Climat

Révision du bonus-malus : ce n’est qu’une partie de la solution

 

Le débat de la semaine : le gouvernement français aurait l’intention d’abaisser le seuil de déclenchement du bonus écologique sur les émissions de CO2 des voitures neuves, qui coûterait trop cher à l’État… Le déséquilibre entre recettes des malus et dépenses des bonus se chiffrerait à 140 millions d’euros, dixit le ministère des Finances.

Lancé au début de l’année, ce dispositif, application de l’un des engagements majeurs du Grenelle de l’environnement en matière de lutte contre les changements climatiques, prévoit jusqu’à présent de faire bénéficier d’un bonus les véhicules qui émettent moins de 130 g CO2/km, et d’infliger un malus à ceux qui rejettent plus de 160 g CO2/km. Aujourd’hui, il serait question d’abaisser le seuil du bonus à 125 g CO2/km. Par ailleurs, le malus serait annualisé pour les voitures émettant plus de 250 g de CO2/km – le montant de ce forfait annuel serait de l’ordre de 260 €, soit 10 % du malus acquitté à l’achat.

« Nous accueillons plutôt favorablement l’abaissement de la norme d’application du bonus, car on se rapproche de 120 g de CO2/km, commente Anne Valette, en charge de la campagne Climat à Greenpeace France. Mais ceci est très incomplet. Rappelons que depuis le Grenelle, nous demandons un bonus à 120 g de CO2/km et un malus annualisé à partir de 140 g, ce qui laisse dans une zone neutre les véhicules émettant entre 120 et 140 g, c’est-à-dire ceux qui sont classé C sur l’étiquette énergétique. »
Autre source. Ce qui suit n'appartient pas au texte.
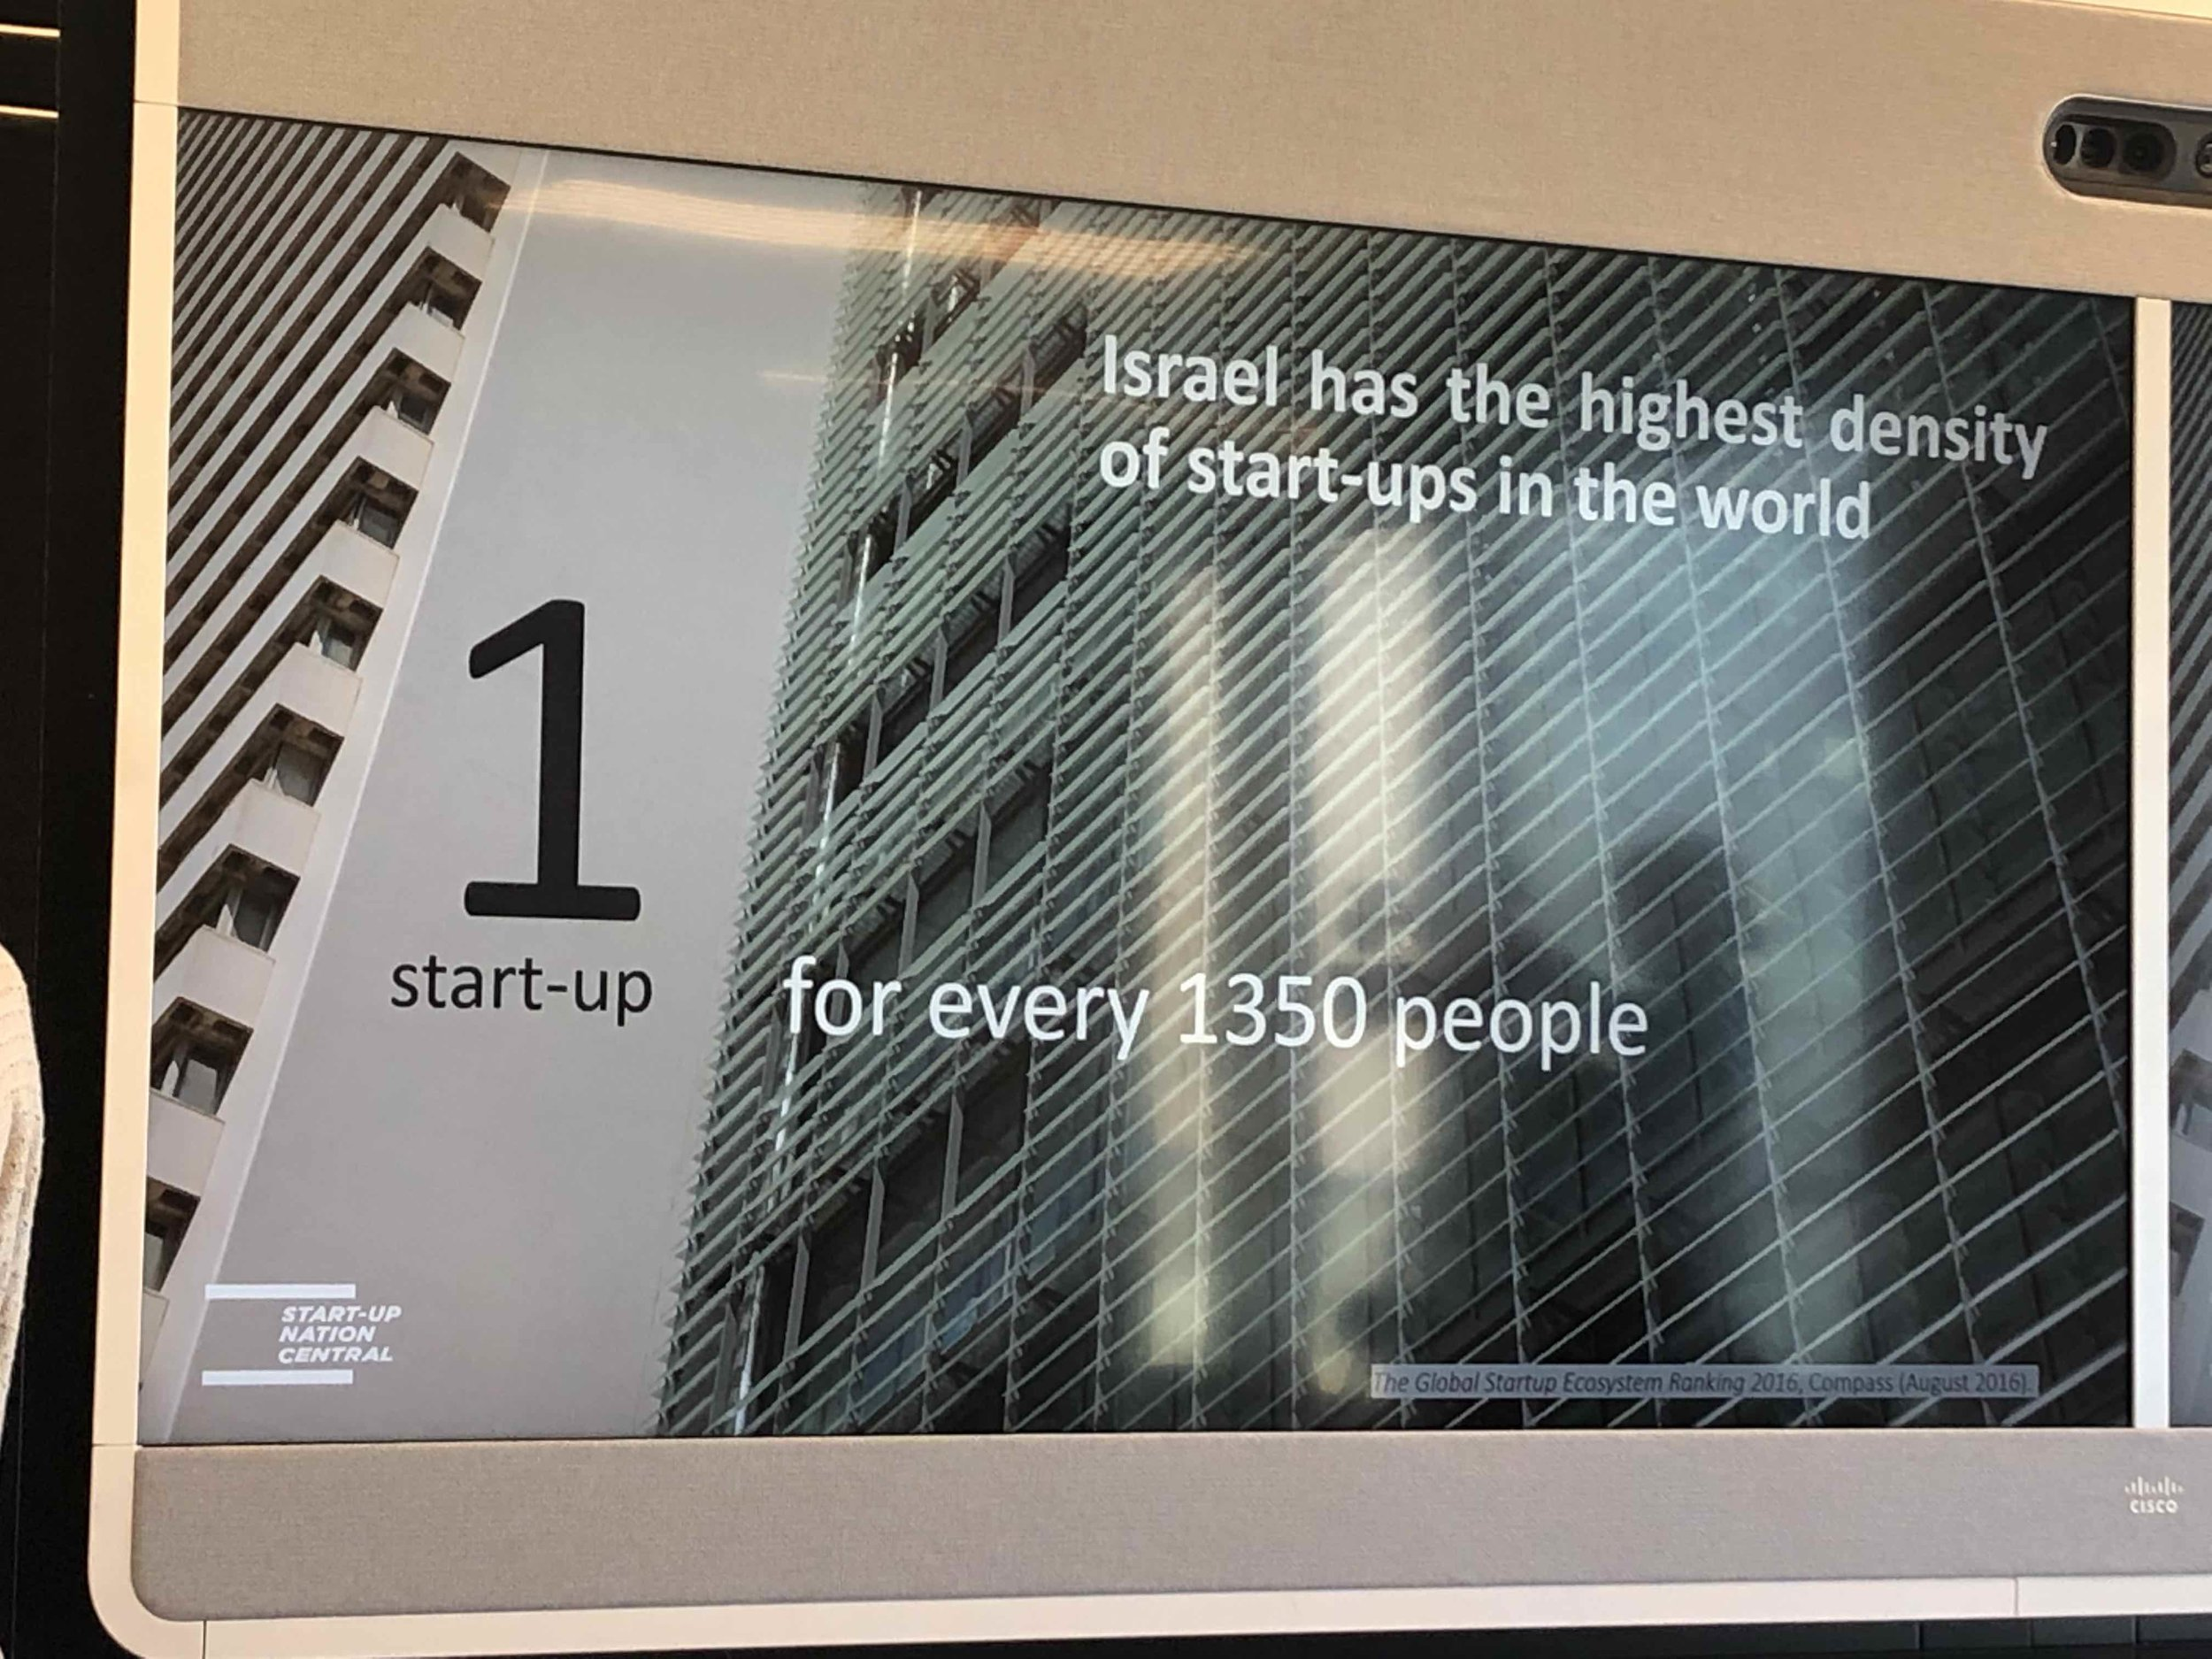 Israel leads the world in start-ups per capita.

Conscient des impératifs budgétaires de la France, Greenpeace tient à la disposition du ministre du Budget Éric Woerth d’autres propositions qui garantiraient à la fois l’équilibre budgétaire et l’efficacité environnementale du système du bonus-malus :

– baisser le seuil du malus à 140 g dès aujourd’hui, et ensuite baisser ce seuil de 5 g tous les deux ans ;

– annualiser le malus pour tous les véhicules, et pas seulement celui infligé aux voitures qui rejettent plus de 250 g et qui ne représentent qu’1 % des ventes ;

– augmenter chaque année le montant des malus.
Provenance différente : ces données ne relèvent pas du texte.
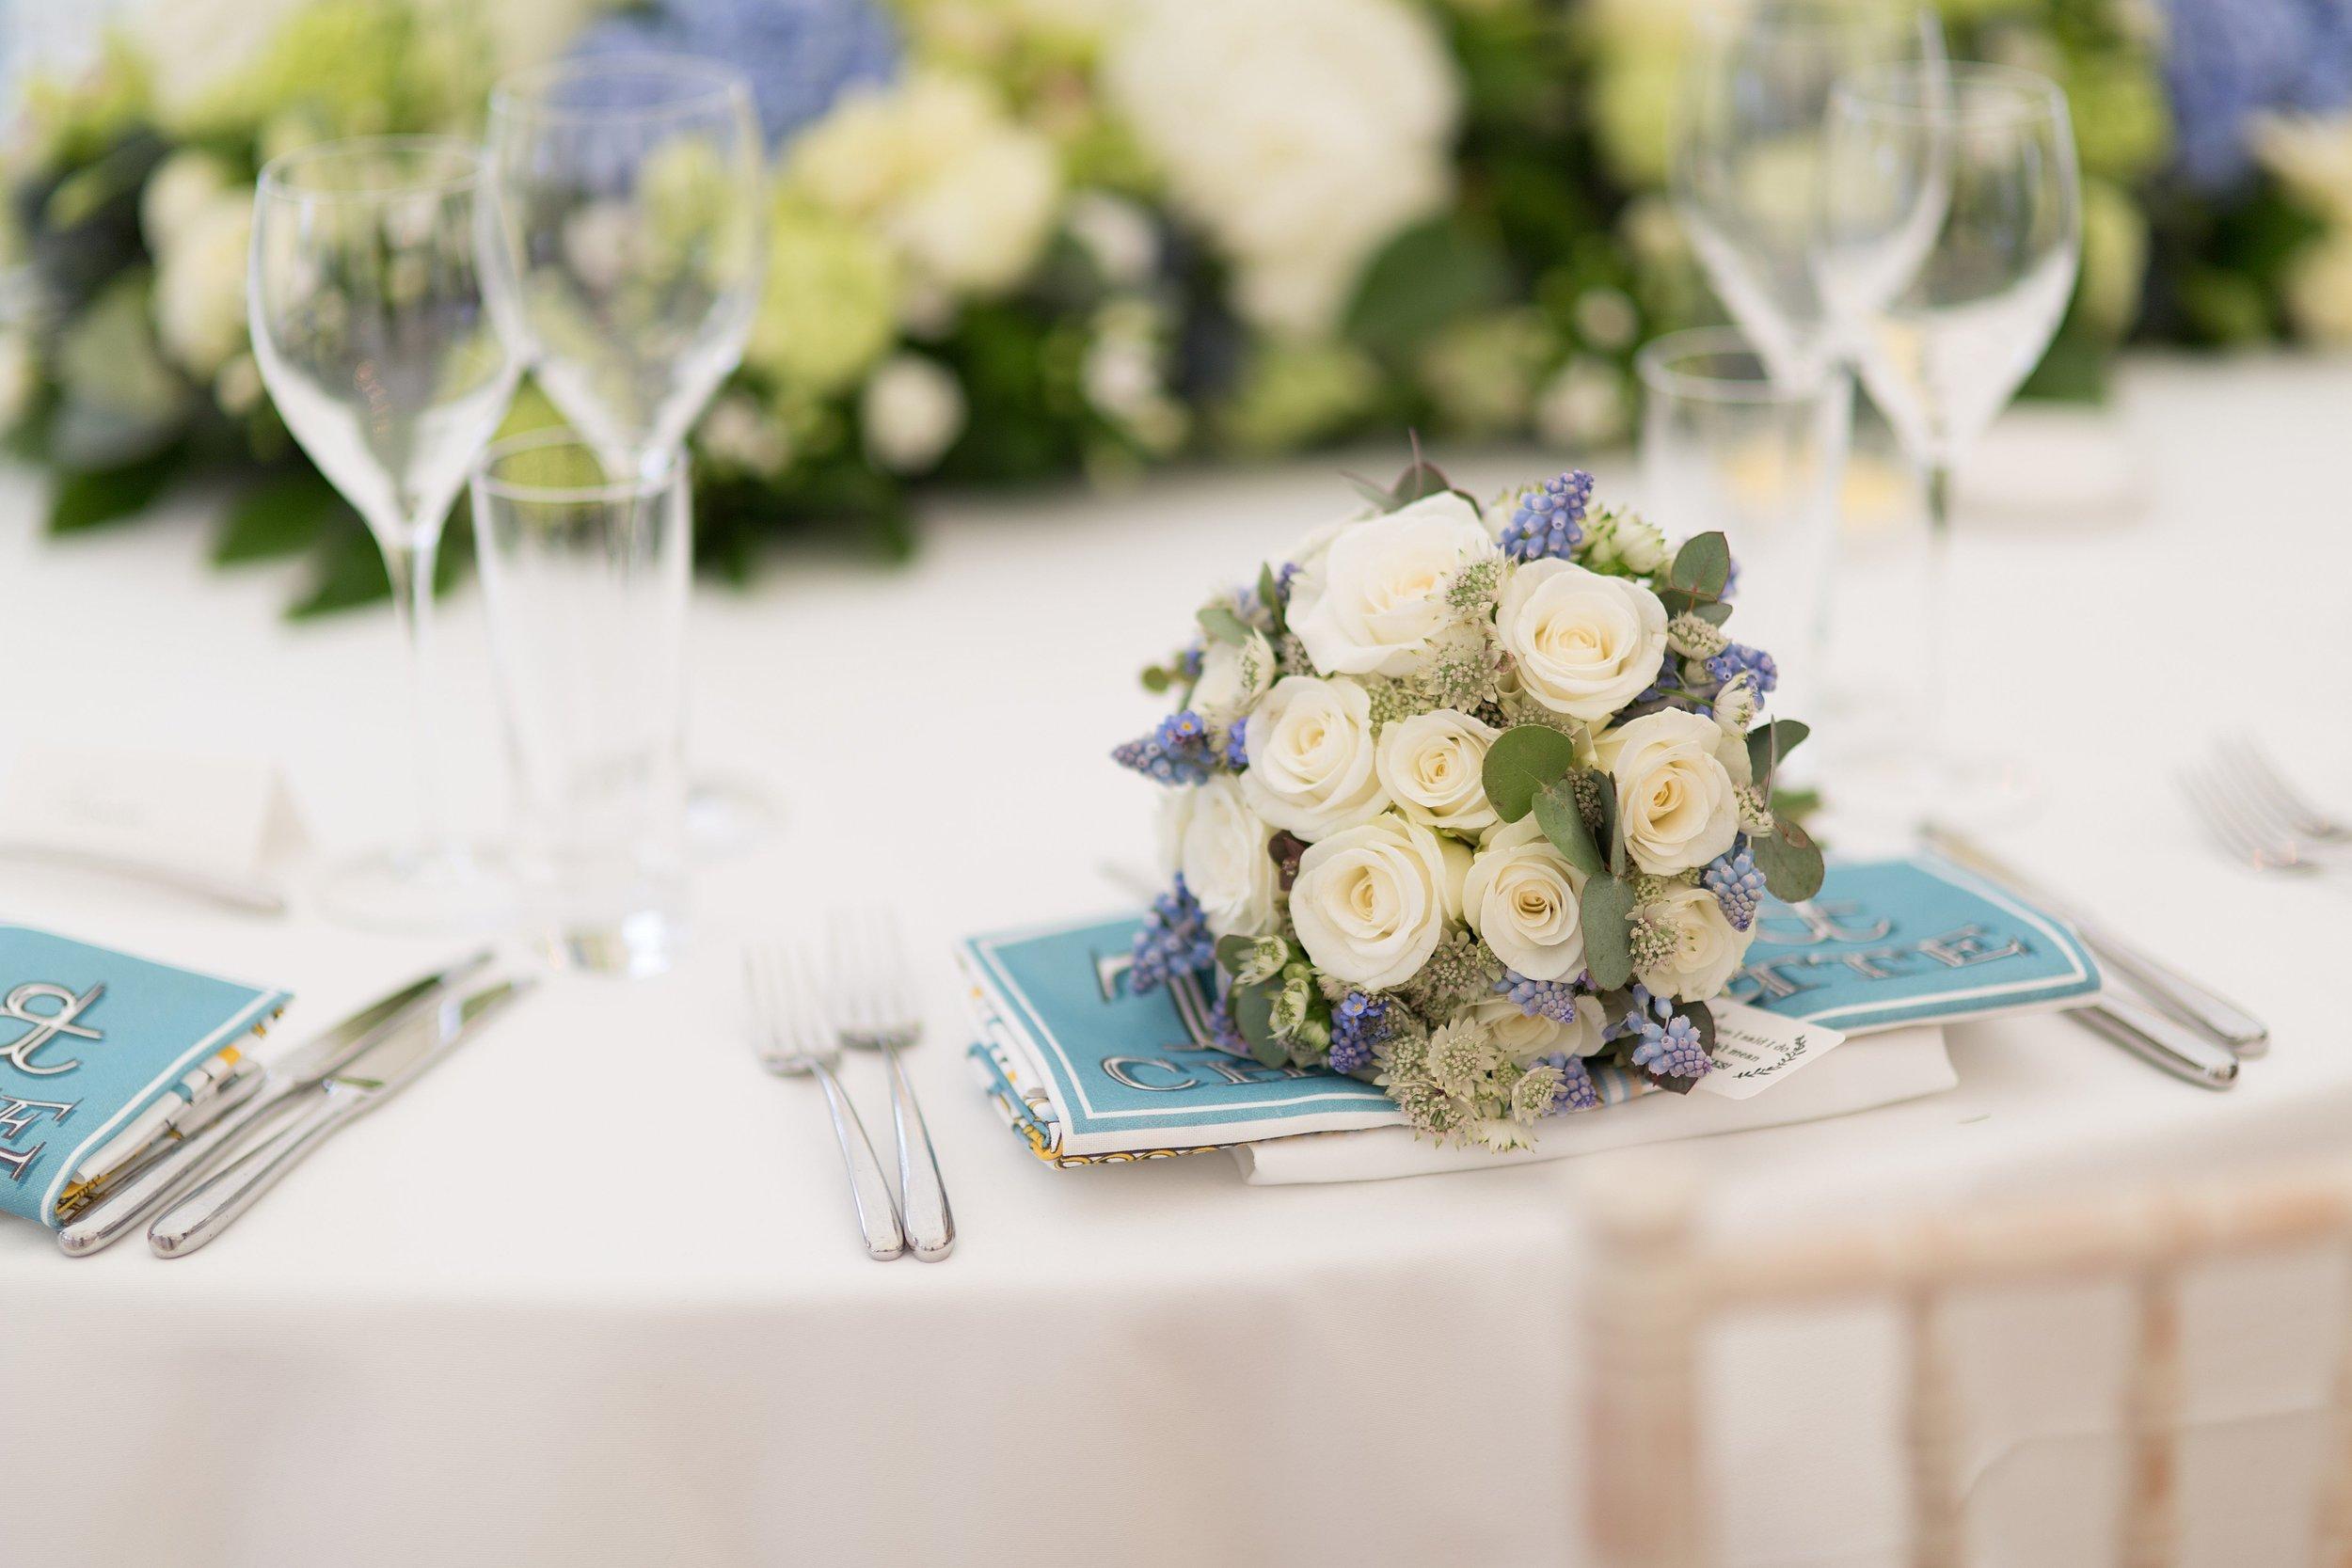 BOUQUET_BRIDE_ROSE_MIRIAM_FAITH_WEDDING_FLOWERS.jpg

« L’urgence climatique et la défense du pouvoir d’achat des Français commandent qu’on fasse le maximum pour les aider à acquérir des véhicules qui émettent le moins de CO2 et consomment le moins de carburant possible, reprend Anne Valette. Les 140 millions d’euros évoqués par le ministère doivent être mis en perspective avec les 50 milliards d’euros, montant estimé de la facture énergétique de la France pour 2008, principalement lié aux importations pétrolières. » Par ailleurs, si le ministre du Budget cherche où trouver de l’argent, Greenpeace peut aussi lui procurer une liste de subventions publiques qui contribuent à la dégradation de l’environnement et que l’on pourrait supprimer – à commencer par les 3 milliards d’euros que la France compte allouer aux agrocarburants d’ici à 2010.

Plus globalement, Greenpeace estime qu’un système de bonus/malus peut constituer un outil efficace. C’est le cas pour les voitures : on voit déjà le réorientation du marché français en faveur des véhicules les moins gourmands. Mais ce type de dispositif ne peut se suffire à lui-même et doit venir en complément d’une législation imposant des standards contraignants aux industriels. « Avec le système du bonus-malus, on s’adresse, une fois de plus, aux consommateurs… Mais ces derniers subissent en partie un marché, une offre que leur proposent des industriels, conclut Anne Valette. Aujourd’hui, ce sont aux constructeurs et aux fabricants qu’il faut imposer de prendre leur responsabilité. Ils ont les moyens de fabriquer des produits moins énergivores, qui répondent à la fois aux enjeux de lutte contre les changements climatiques, de défense du pouvoir d’achat des ménages, de la sécurité énergétique du pays. »

Concernant spécifiquement les émissions de CO2 des véhicules particuliers et les négociations qui se déroulent actuellement à ce sujet au niveau de l’Union européenne, la France, qui préside l’UE jusqu’à la fin de l’année, doit se montrer cohérente et défendre une limite moyenne des émissions de 120 g de CO2/km dès 2012, un objectif ambitieux pour 2020 et des pénalités immédiatement dissuasives, sans lesquelles les constructeurs ne respecteront pas les nouvelles normes.